Matthew 20:29–21:11: Jesus encounters the two blind men on the roadside, who interrupt the proceedings with their annoying cries. But their cries, “Have mercy on us, Lord, Son of David!” (31) have a new twist. What Jesus has sternly ordered his disciples to keep quiet about up to now is now very much out in the open. Word is spreading quickly that this healing rabbi wandering the countryside is indeed the promised Messiah.

Another new aspect in this healing story is that Jesus asks directly, even sounding a little annoyed, “What do you want me to do for you?” (32) He does not just reach over and touch them and they are healed. They must state what it is they desire, and the reply of these two blind me is fraught with significance: “They said to him,Lord, let our eyes be opened.” (33) They don’t hedge by beating around the bush like we do saying things like, “if it be your will” or “if it’s part of your plan for us.”  They just ask directly.  As should we.

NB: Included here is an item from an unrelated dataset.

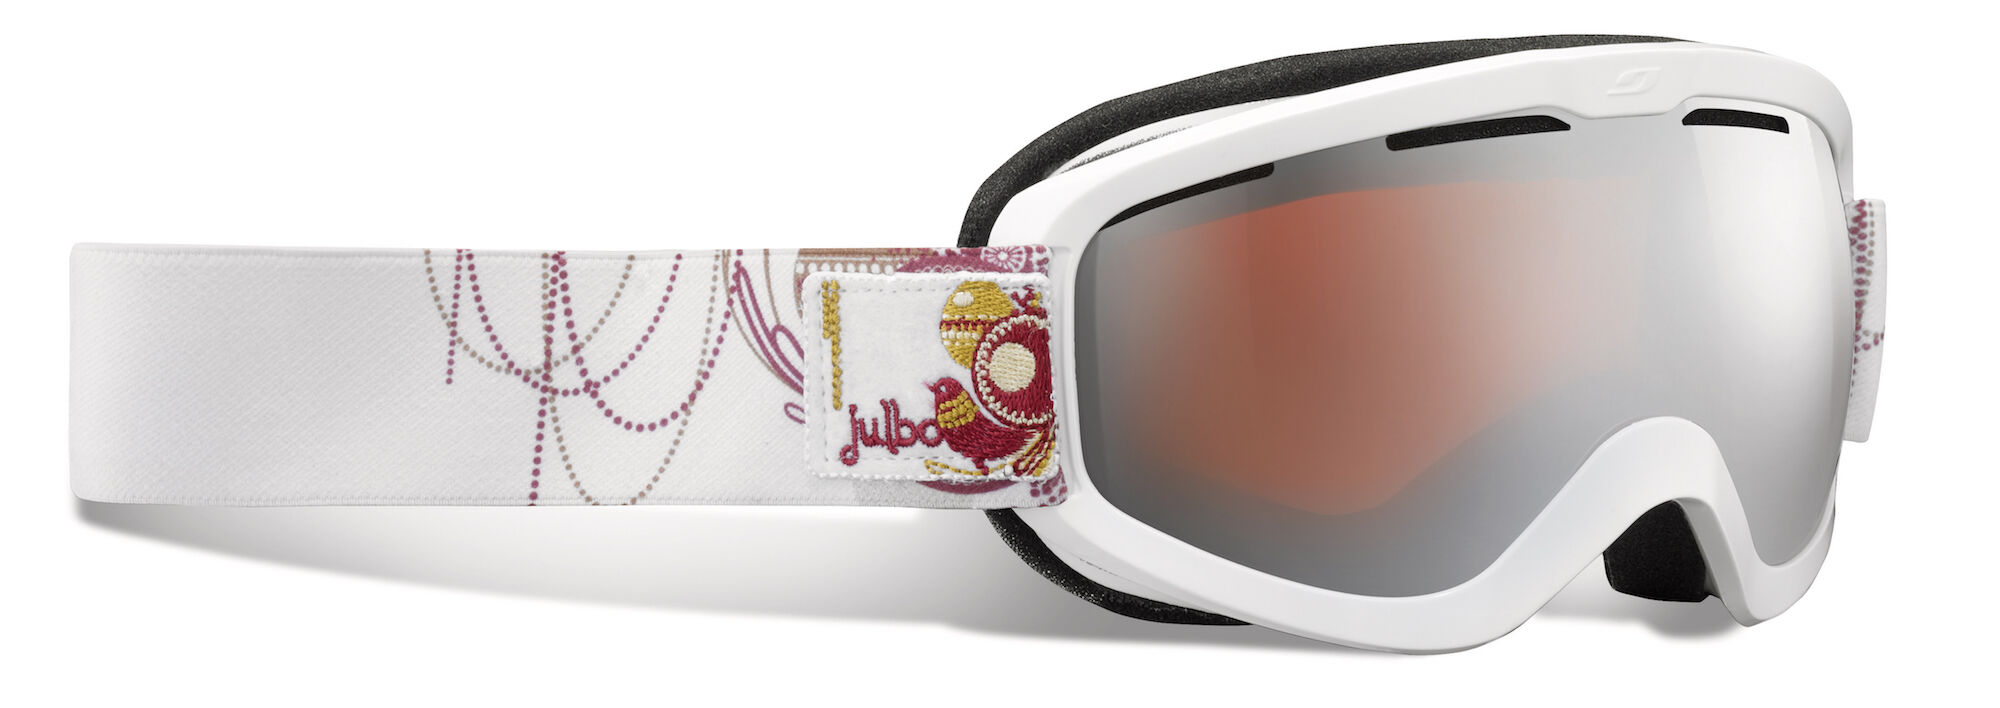 Julbo Vega günstig kaufen - Skibrille - Damen

The blind men are healed and they join his followers. Which is exactly the metaphor for us. Before, we were blinded by our sin and self-centeredness, but through Jesus we have come to see what the Kingdom is really all about.

The triumphal entry into Jerusalem follows immediately. As always, Matthew uses Scripture to prove Jesus is who he says he is. This time, Jesus’ sending a couple of disciples to fetch a donkey is a fulfillment Isaiah’s prophecy. [One must assume that Jesus knew this as well.]

Jesus enters Jerusalem to the crowd’s acknowledgement that he is indeed the Son of David. But when others in Jerusalem ask who he is, people in the crowd do not tell them he is the Son of David, but simply that “this is the prophet Jesus from Nazareth in Galilee.” (21:11) Clearly, Matthew is reminding us that not everyone is quite ready to proclaim Jesus as Messiah. This is a  first hint of what is to come later in the week.

Is there a more ironic scene here at the beginning of the most important week in history, as joyful crowds welcome their apparent savior from the oppression of Rome?  The crowds shouting ‘Hosanna’ have no idea of Jesus’ real purpose, nor do they imagine that they will be the exactly the same crowd shouting “Crucify him!” in less than 6 days.  We are in that crowd, too.

As CS Lewis reminds us in his characterization of Aslan, the real Jesus is not the Jesus we imagine. He is far more radical, far more dangerous and not about to be domesticated by our idea of what he “should” do or be. But we’re far more comfortable with our own preconceived notions. We construct a Jesus to meet our own desires and purposes, having no idea of his real intention.  Like the crowd, we  have put Jesus into a box of our own imaginations.